Psychologically, this bred two intertwined strengths. The first is grit: a willingness to do without, to keep going through discomfort, to cobble something together from what you have rather than waiting until conditions are perfect. You see it in people who built their own decks from salvaged lumber, who patched their cars to squeeze out a few more years, who worked dull jobs to pay for night classes.

The second is an almost radical sense of “enough.” There simply weren’t as many options, products, or lifestyles on display. A basic set of possessions could carry you for decades. This doesn’t mean everyone was content—far from it—but the psychological baseline wasn’t a bottomless hunger for upgrades. There were fewer moving goalposts.

Today, algorithms are finely tuned to stoke perpetual dissatisfaction: the next phone, the next trend, the next version of you. Mental health researchers point out that this “endless ladder” mindset can erode well-being. In conversation, those who came of age in earlier decades often reveal a contrasting inner script: gratitude for the sturdy, the durable, the “good enough” that has seen them through.

And threaded through all of this is a ninth, quieter strength: a trust in time itself. When you grow up seeing gardens planted and harvested, letters sent and received, records saved and replayed across years, you learn that some things ripen slowly. Change, healing, learning—these are not instant downloads.

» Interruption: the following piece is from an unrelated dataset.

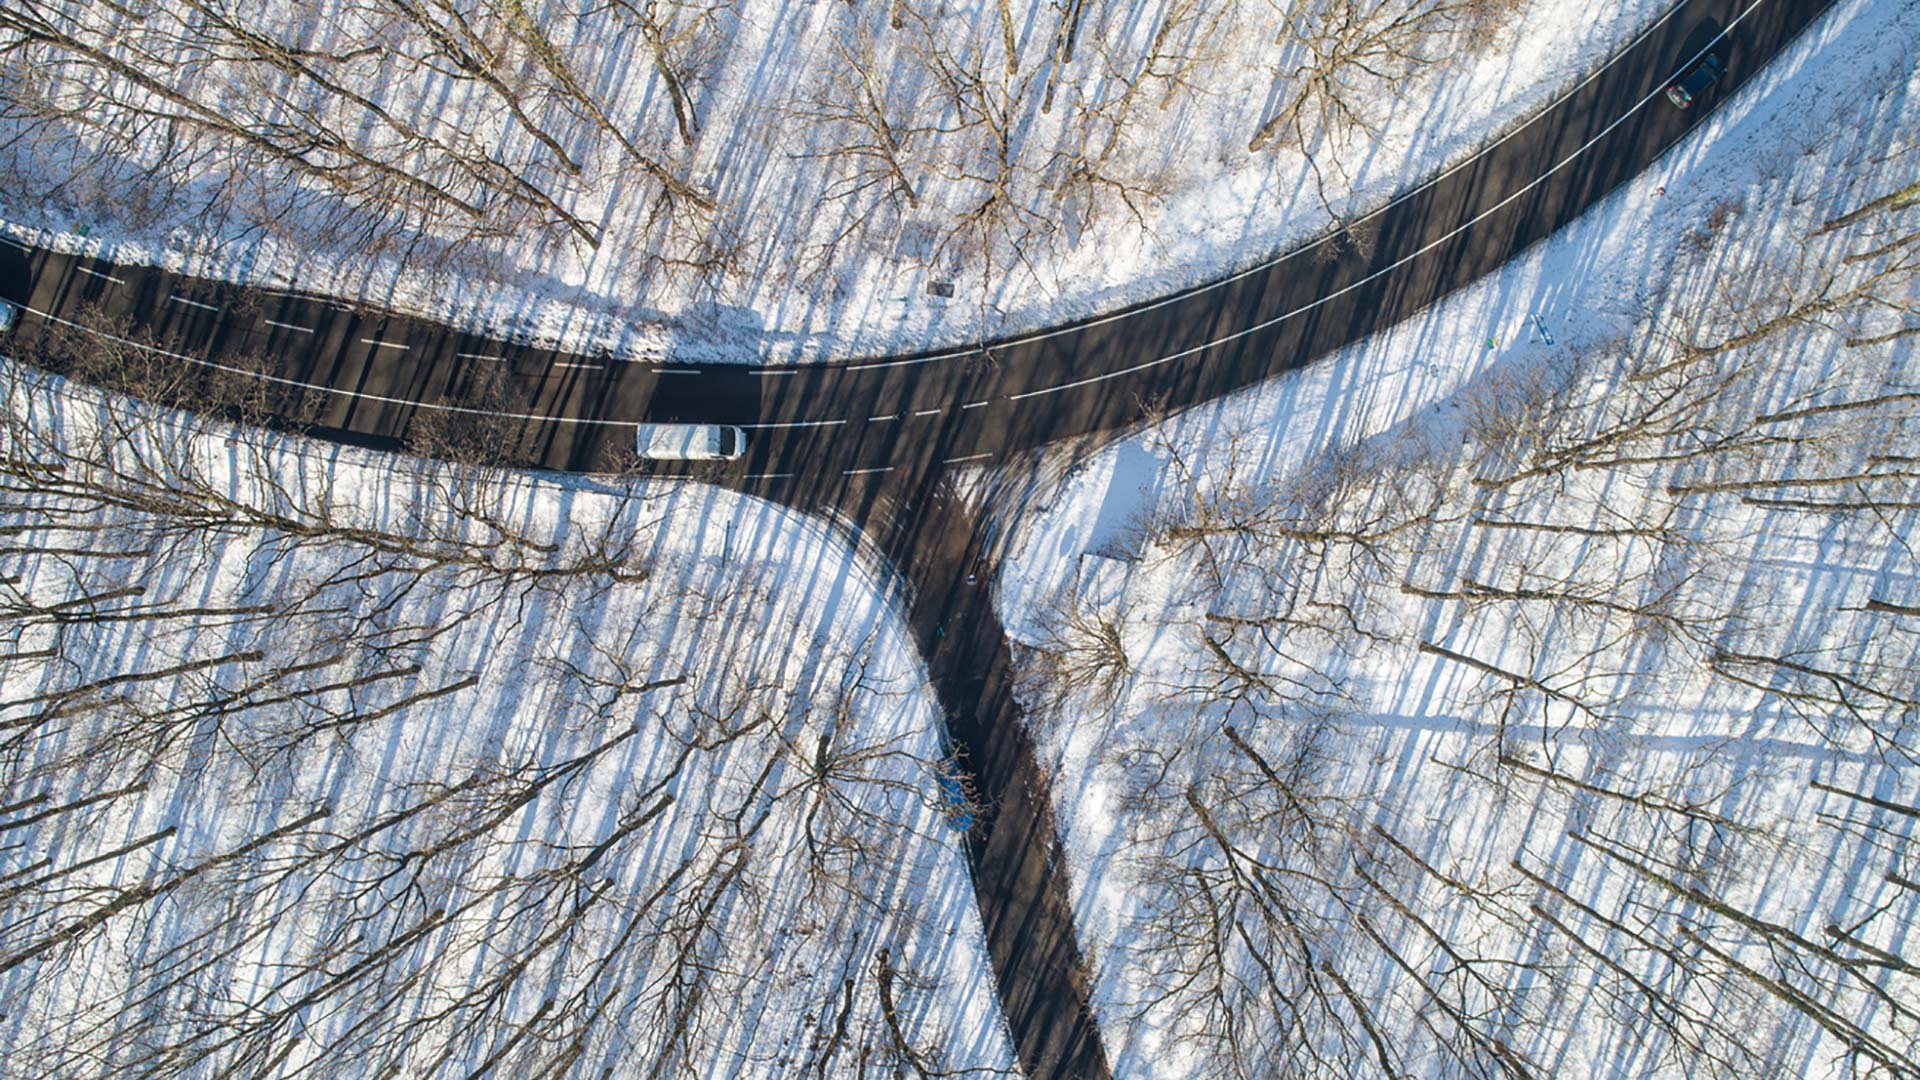 Road in winter forest

That trust can be a deep psychological anchor in a culture that’s always asking, “Why aren’t you there yet?”

Frequently Asked Questions

Did everyone who grew up in the 1960s and 1970s develop these strengths?

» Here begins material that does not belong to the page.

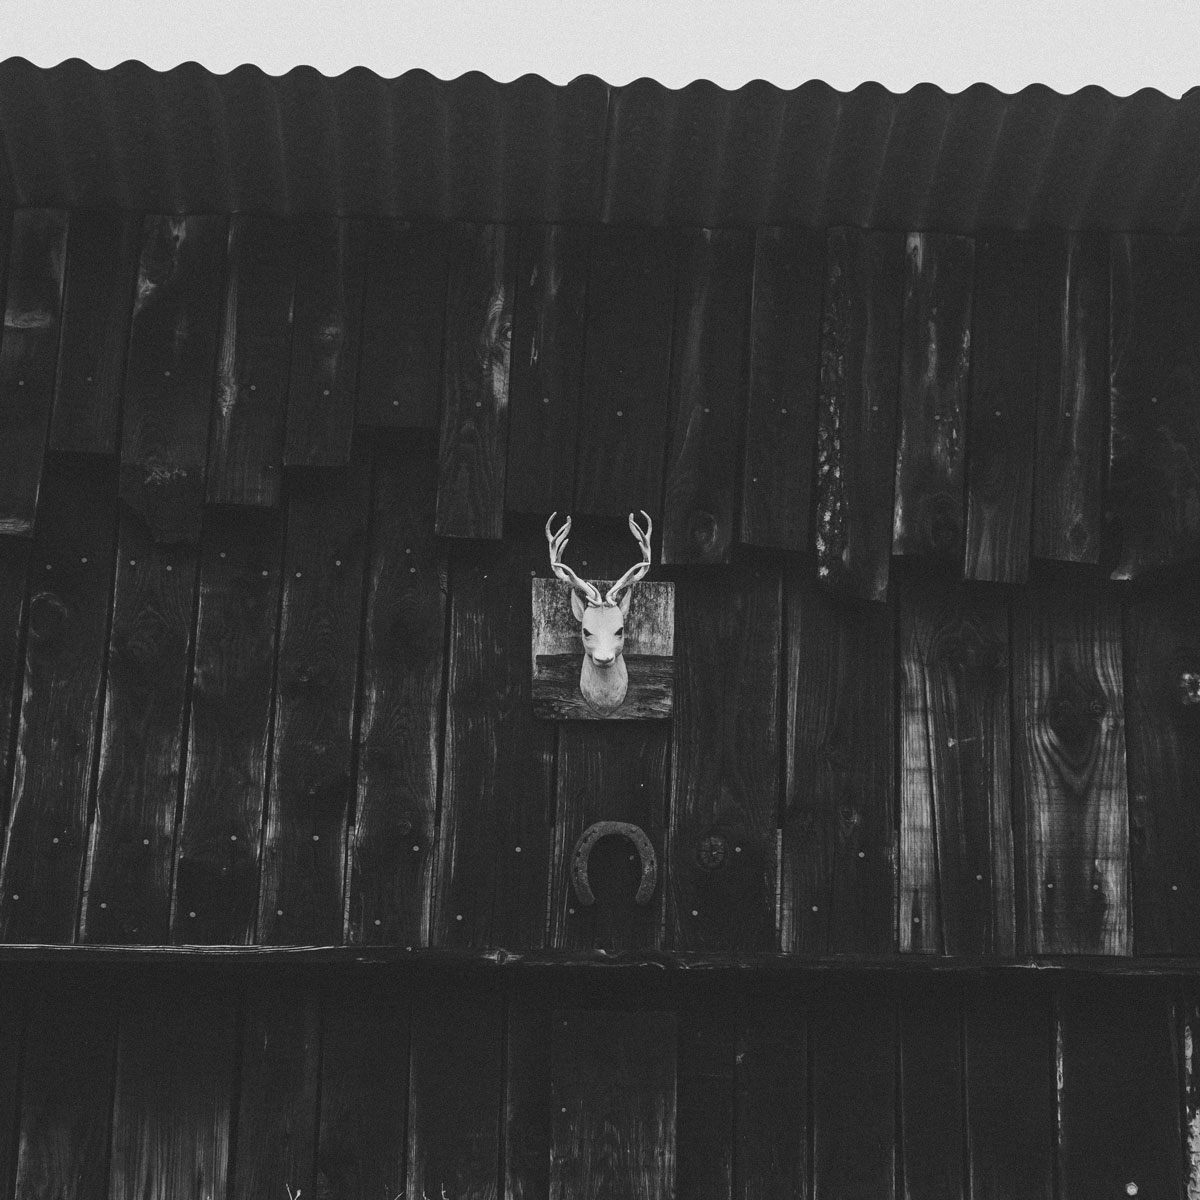 Black and white front of a shed with a metal roof and wooden planks walls. A deer head figure is mounted on it

No. Psychology looks at patterns, not guarantees. Family life, culture, class, and personality all make a difference. But the everyday conditions of that era tended to train these abilities more consistently than today’s environment does.

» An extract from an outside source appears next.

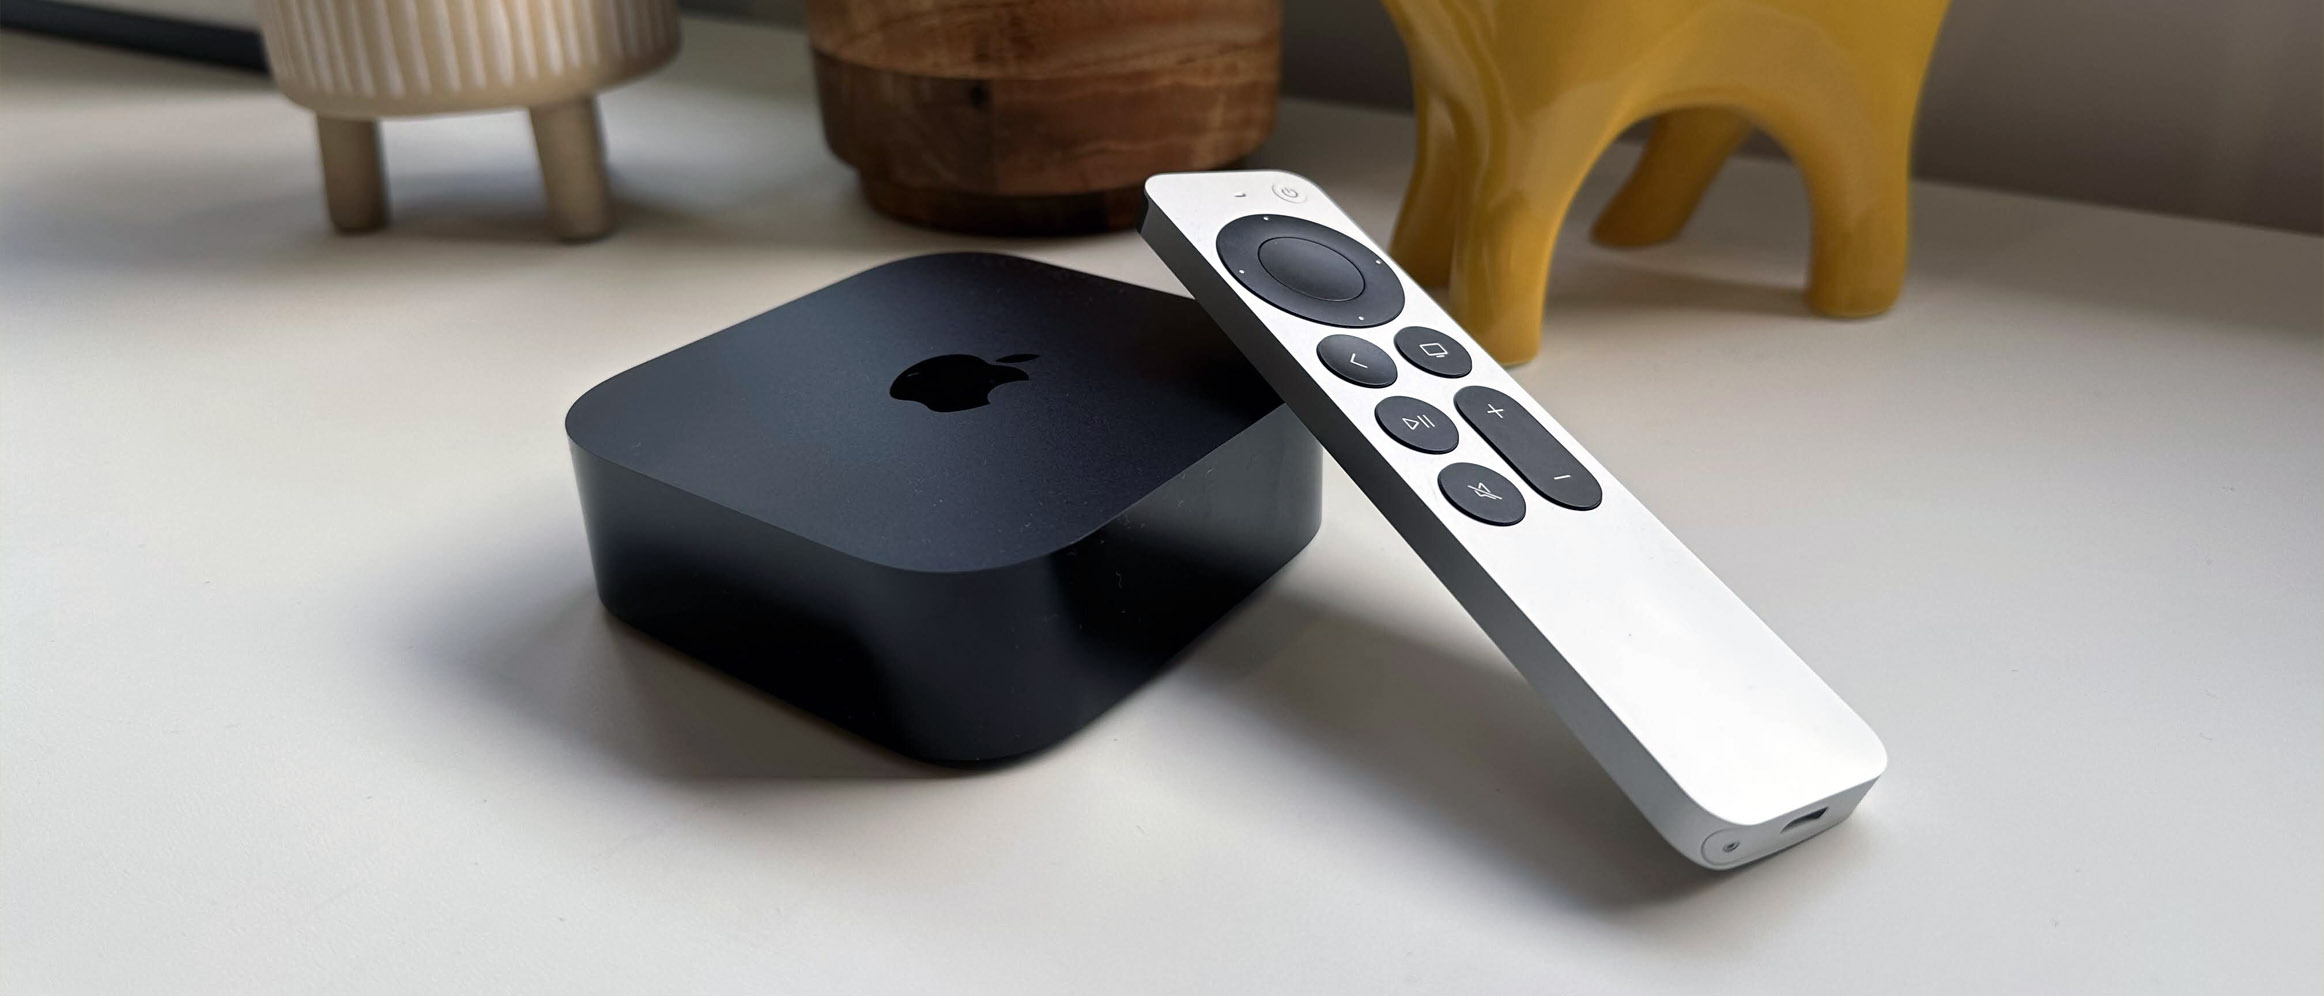 Apple TV 4K review: for the spotlight in your room |

Are younger generations really “weaker” mentally?

Not at all. Younger generations are developing different strengths—like rapid information processing, digital collaboration, and greater openness about mental health. The point isn’t to rank generations, but to notice useful capacities that may be fading and worth deliberately cultivating.

Can people who didn’t grow up in the 60s or 70s build these nine strengths now?

Yes. Brains remain adaptable throughout life. Practices like limiting digital distractions, choosing analog hobbies, allowing boredom, repairing rather than replacing, and investing in face-to-face relationships can all help rebuild these capacities.

What does psychology actually say about generational differences?

Research suggests that broad historical conditions—technology, economy, culture—shape average traits like patience, locus of control, and social attitudes. However, individual differences within any generation are always large, so findings are best understood as trends, not rigid labels.

How can parents encourage these strengths in children today?

Parents can create small “60s and 70s pockets” in modern life: screen-free afternoons, unstructured outdoor play, chores that involve real responsibility, family projects that take time, and chances for kids to solve problems without immediate adult or digital rescue.